At least Mendoza had had the good sense to keep his mouth shut.
Shifting back to face forward, Latham said, “And you are, again? I’m sorry, I’m not real good with names.”
Forcing himself to chuckle, to not let it be known that he saw right through the ruse, Tres took a half-step forward. He thrust his hand across the desk separating them, his features completely neutral.
One of the reasons he had been chosen for the trip up north was because he was adaptable. He prided himself on being just as good standing out in the forest as he was dressed in a suit and telling some ignorant rubes exactly what they wanted to hear.
The detour might have been a pain, but it was necessary. He would do what he needed to here before finally turning back south, leaving the cold and the condescension and everything else behind.
“Juan Perez,” Tres repeated, accepting the man’s reluctant shake and pumping it once before releasing. “I apologize for my delay, but I am based out of Seattle and the trip took longer than expected.”
Bobbing his head just slightly, the sheriff remained silent. His eyes narrowed as he worked through what was just shared, Tres practically able to see the wheels turning as he tried to make sense of things.
“Seattle. Right,” the man mumbled, his mind clearly elsewhere before blinking himself back into focus. Once more, he shifted to look back at Ferry before saying, “Absolutely, counselor. We do have Mr. Mendoza in custody right now, be glad to let you speak to him.
“I just have one question first, and then I’ll take you straight back myself.”
Having expected as much – if not worse – Tres slowly drew in a breath. He held it, making sure his vitals stayed even, before slowly exhaling, his gaze never wavering.
“Please.”
Leaning forward a couple of inches, the man’s eyes narrowed slightly. “He’s been in custody since midnight last night. Hasn’t made a phone call, hasn’t said a word.
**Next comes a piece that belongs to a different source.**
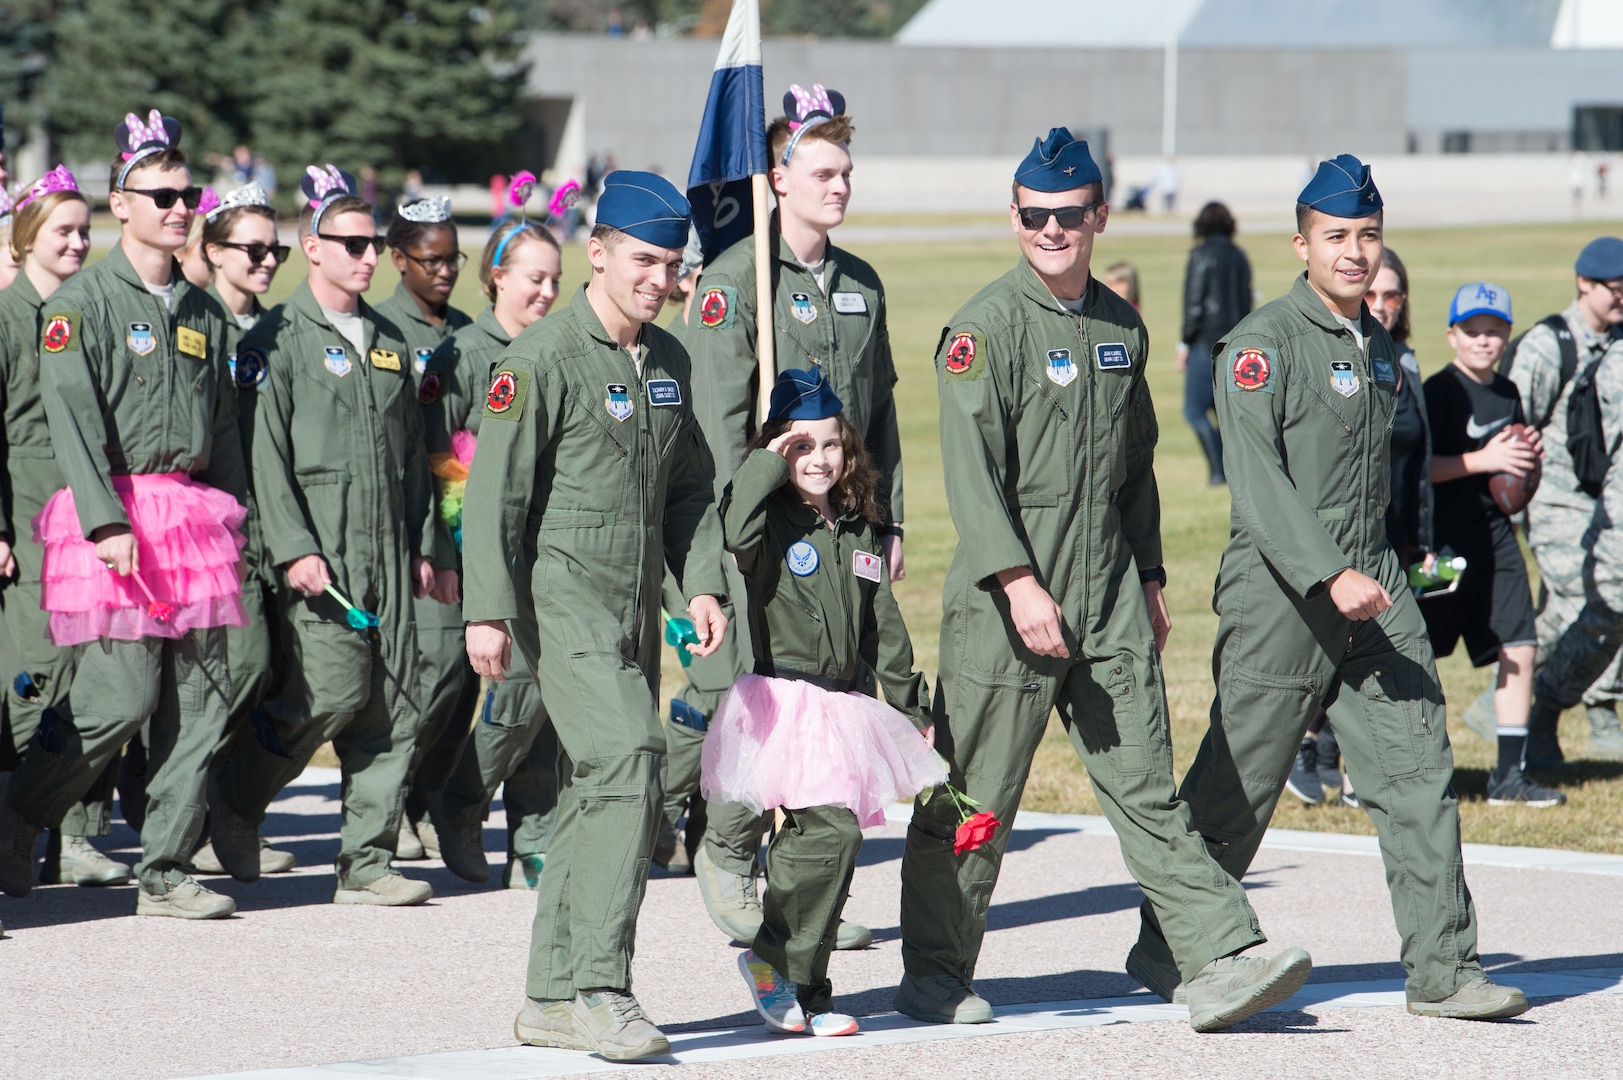 A little girl in a flight suit and pink tutu marches in an outdoor formation with cadets also in flight suits.
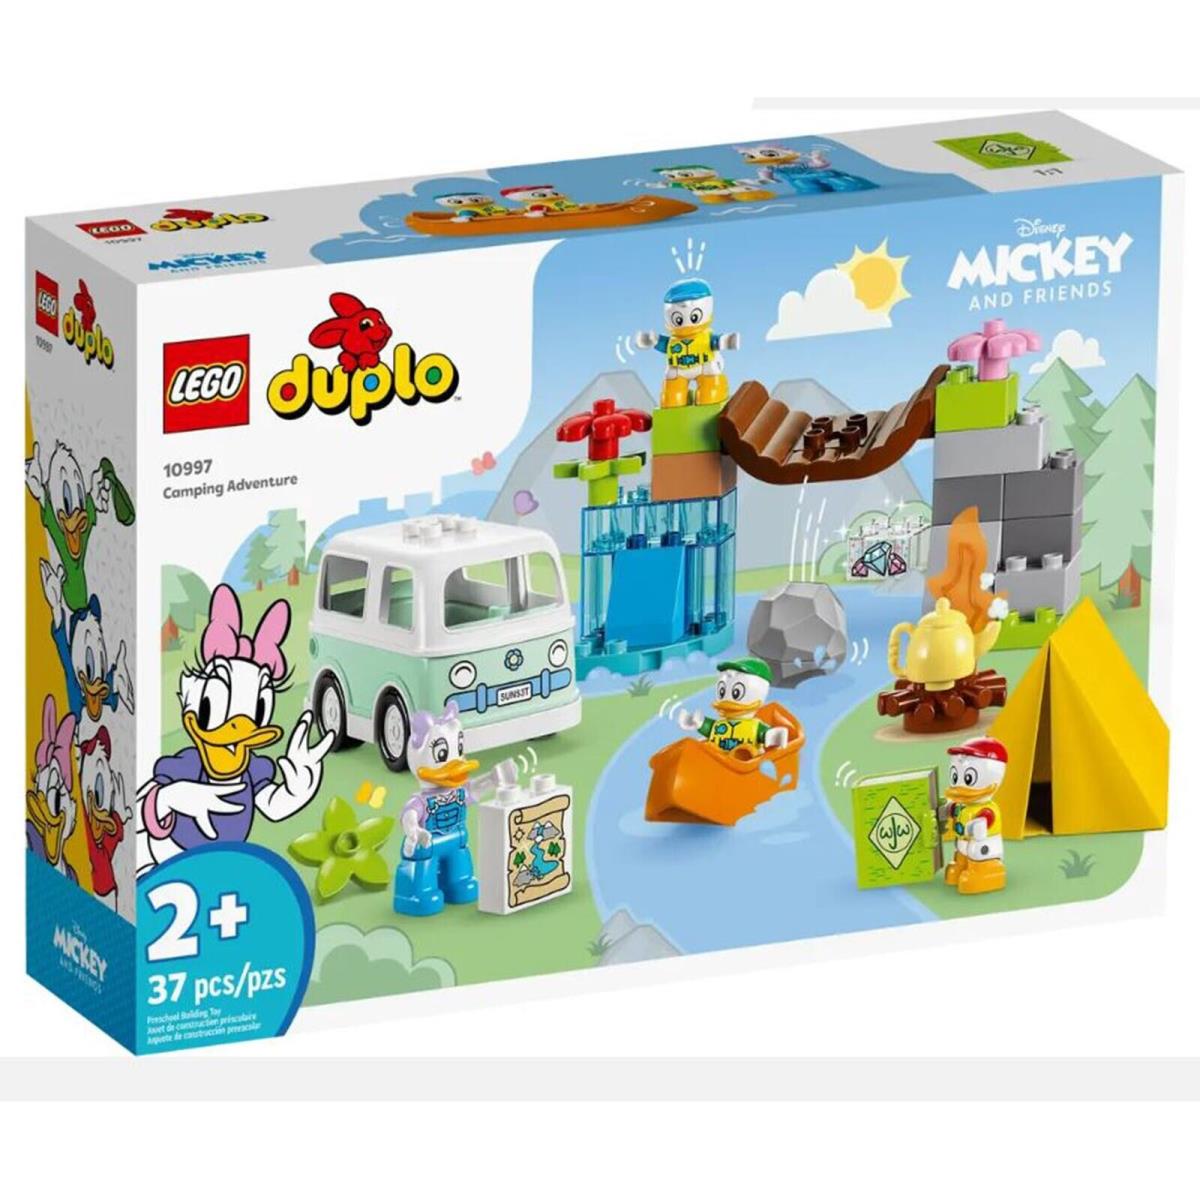 Lego Duplo Disney Mickey and Friends Camping Adventure Building Set 10997

“So how in the world is it you managed to show up here now?”
Chapter Thirty
Leaving the house and getting back past the officer standing guard over the front drive hadn’t been easy. Not because the young man and his fledgling facial hair posed any real threat, but because I had to fight to keep my emotions in check, my features neutral as I did so.
Filled with adrenaline and vitriol, with sudden dawning and the urge to be moving, it was all I could do to step out the front door and not immediately tear down the driveway. To stop to offer thanks for letting me pass and accepting the young man’s condolences once more for my fallen friend.
To offer one last wave out the window as I departed, finally leaving the Martin home behind.
Not until I was effectively around the bend, out of sight from the world, did I allow any of the thoughts I had to surface.
“Ruiz,” I hissed, shoving the word out between my teeth, each syllable laced with venom. With one hand atop the steering wheel, I clenched it tight, veins running across the belly of my forearm.
Not trusting myself to utter another sound, I knew that a torrent of obscenities would be the next words out of my mouth. Not wanting to give the man even that much, already the taste of his name like acid on my tongue, I instead jerked my attention out the window, watching the thick woods slowly pass by.
The last time I had heard the name Junior Ruiz was the better part of a decade before. The previous instance he even crossed my mind, at least half that long ago.
My body rigid, I drove with pure muscle memory, the truck coasting without my active input, my focus turned elsewhere, my mind racing. Scads of questions rushed to the surface, adding to the mix that had already arrived the night before.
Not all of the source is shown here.